Movie Recommendation Algorithms

The impact of mathematical optimization algorithms on selecting your next movie to watch

CMSE 831, also known as "Computational Optimization" at Michigan State is part of the Master's in Data Science degree program and was instructed by Dr. Longxiu Huang.

The primary goal of this course aimed to emphasize the roles of optimization algorithms in "Big Data" analysis. The materials and learnings of this course highlight the use of mathematics in the foundations of optimization algorithm development, especially within linear algebra and multivariable calculus.

By the conclusion of the course, students were expected to demonstrate the understanding of these algorithms on a large dataset. With collaborative efforts from myself and fellow Data Science students, Steven Strachan, Saumya Shah, and Lacey Hamilton, we elected to reformulate several algorithms potentially used by common streaming services to recommend film options to users and review which algorithms seemed to work most effectively.

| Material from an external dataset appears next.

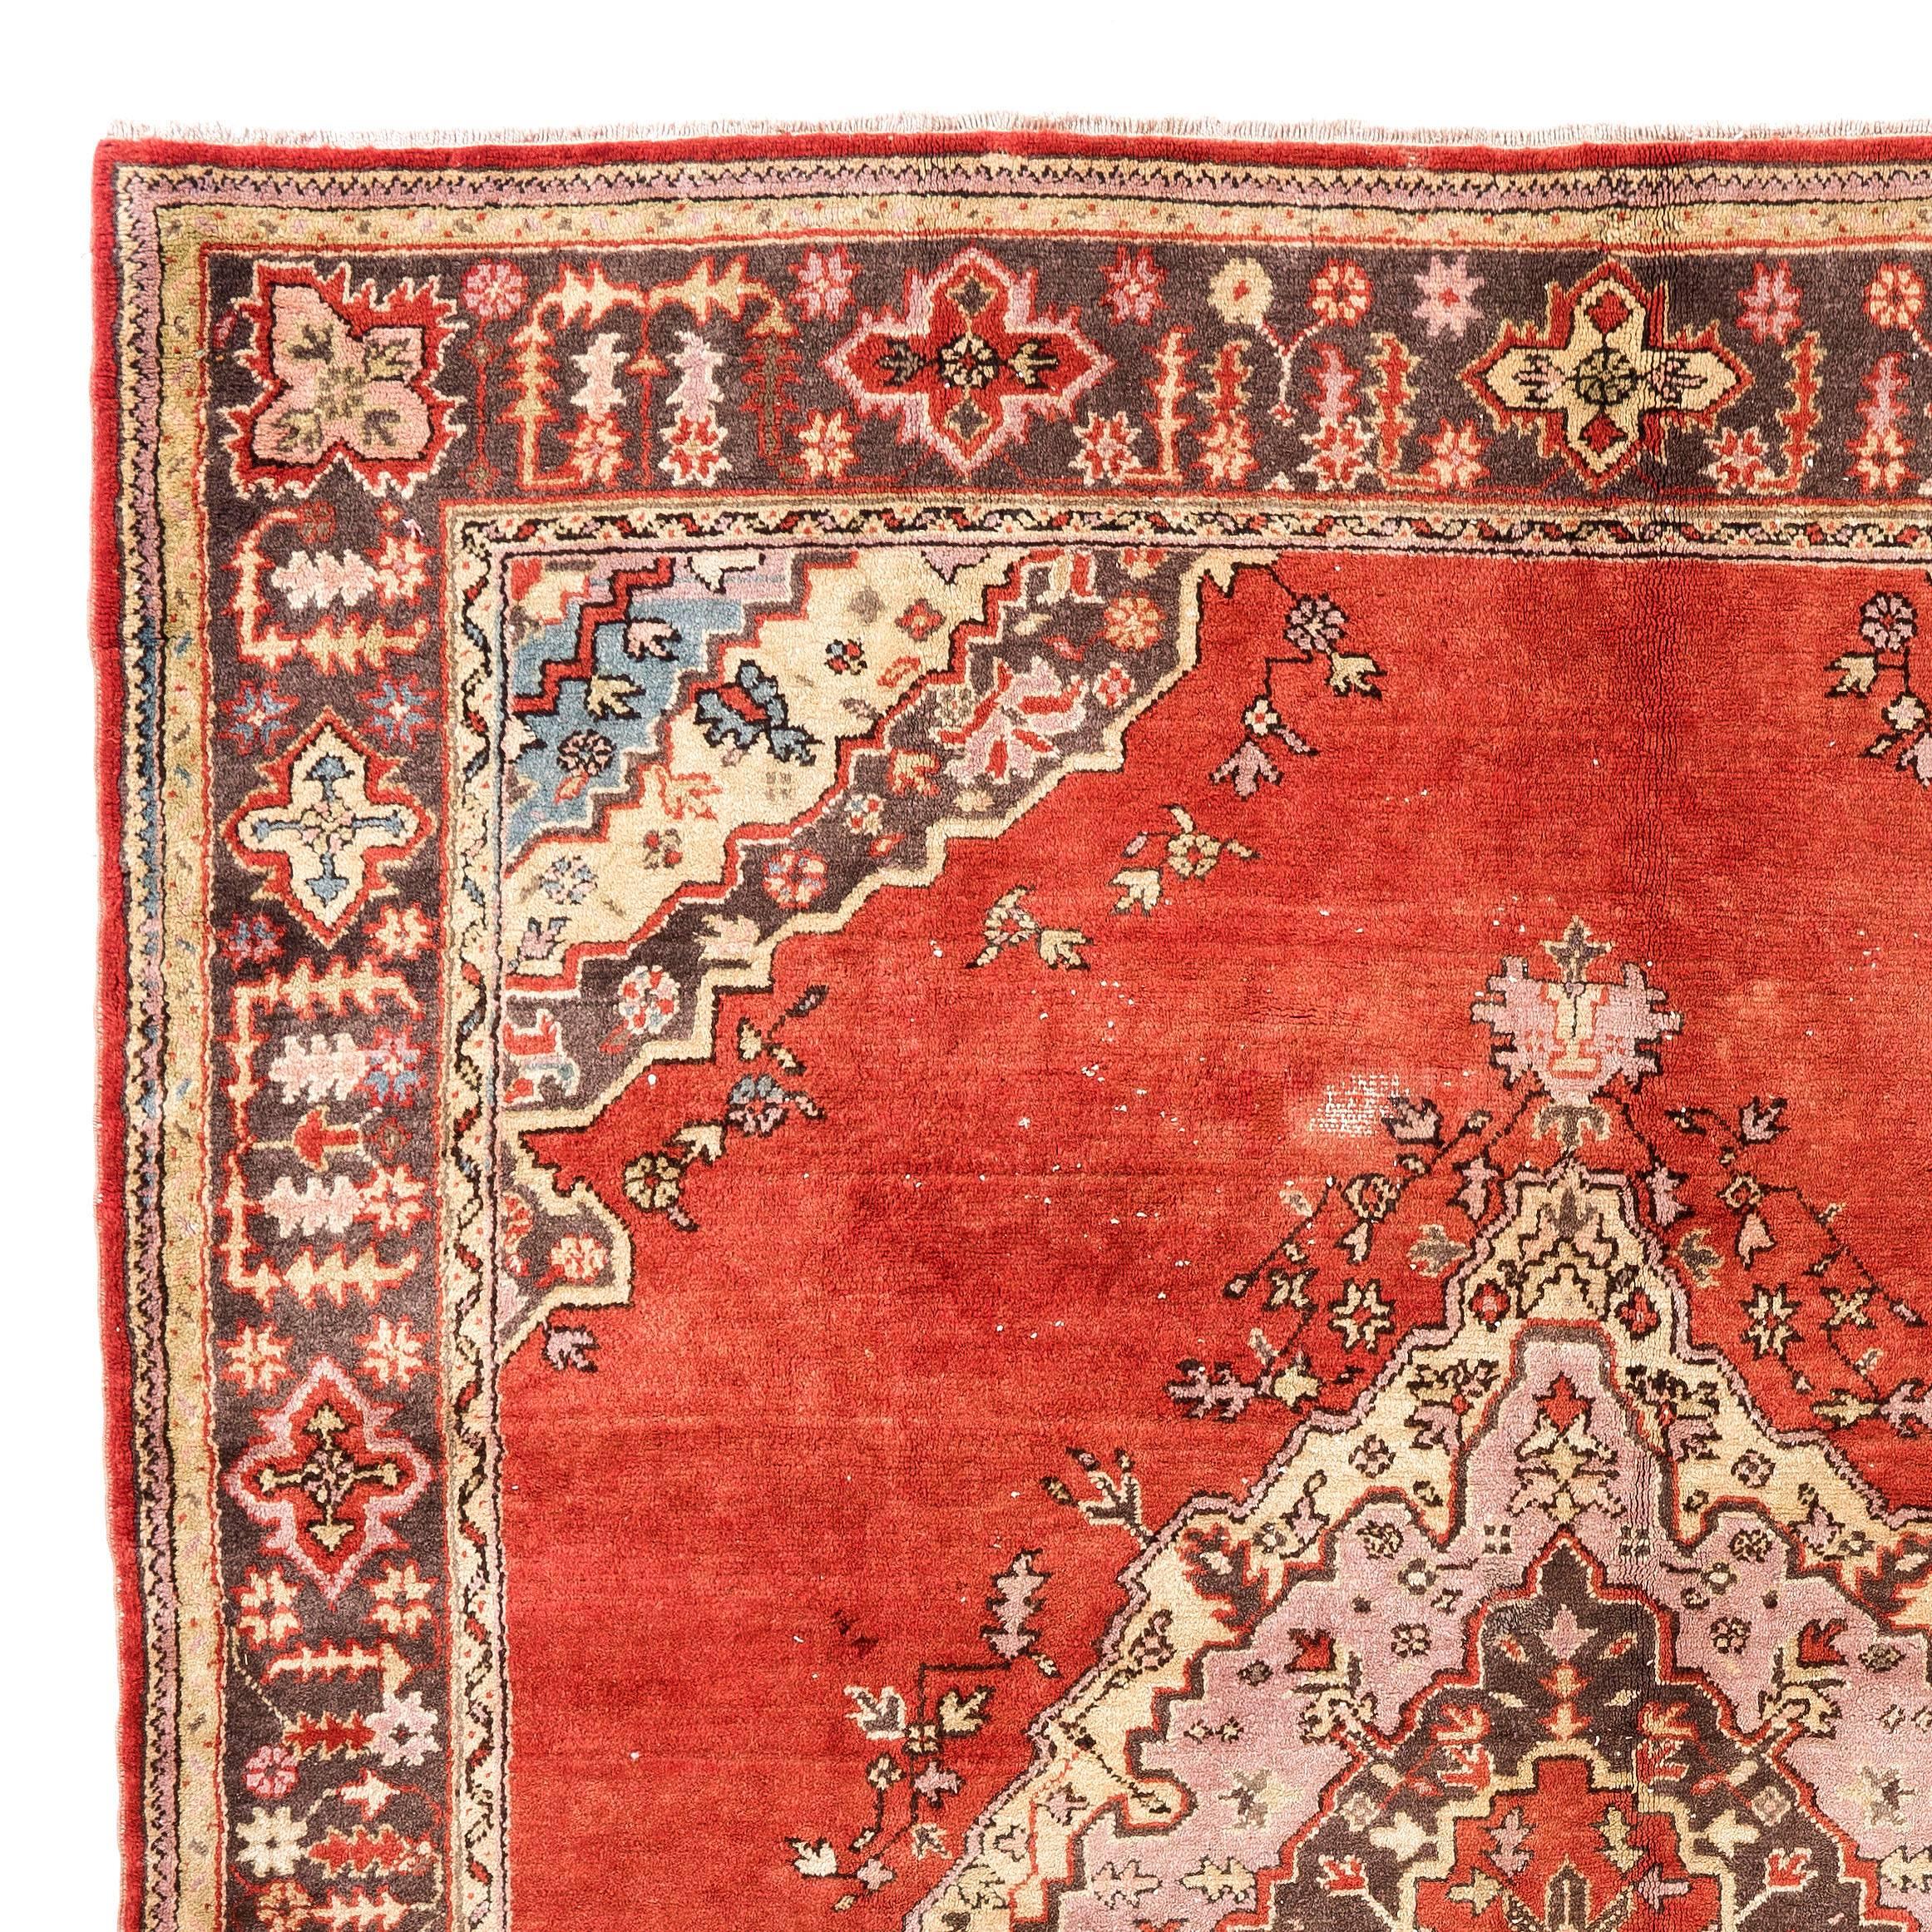 An antique Oushak rug from the first half of the 20th century with a rare square size of 8x9.5 ft. It rug has medium wool pile on wool foundation, is in good condition, very clean and sturdy.

It features a large lozenge-shaped medallion in red,

The datasource for the project can be found here. The project utilized Python for algorithm generation, with particular emphasis on the following libraries:

  • keras
  • scikit-learn
  • tensorflow
  • pandas
  • numpy
  • matplotlib
  • seaborn
  • random

The full report and development can be read in detail below. Our final outputs found highest success rates (lowest error) in three of the eleven generated matrix factorization methods: Low Rank Matrix Recovery​, Soft-Impute​, and Mean Imputation. If given more time in the course, our team would have liked to create an assembled model, with the ideal equation outlined in the report.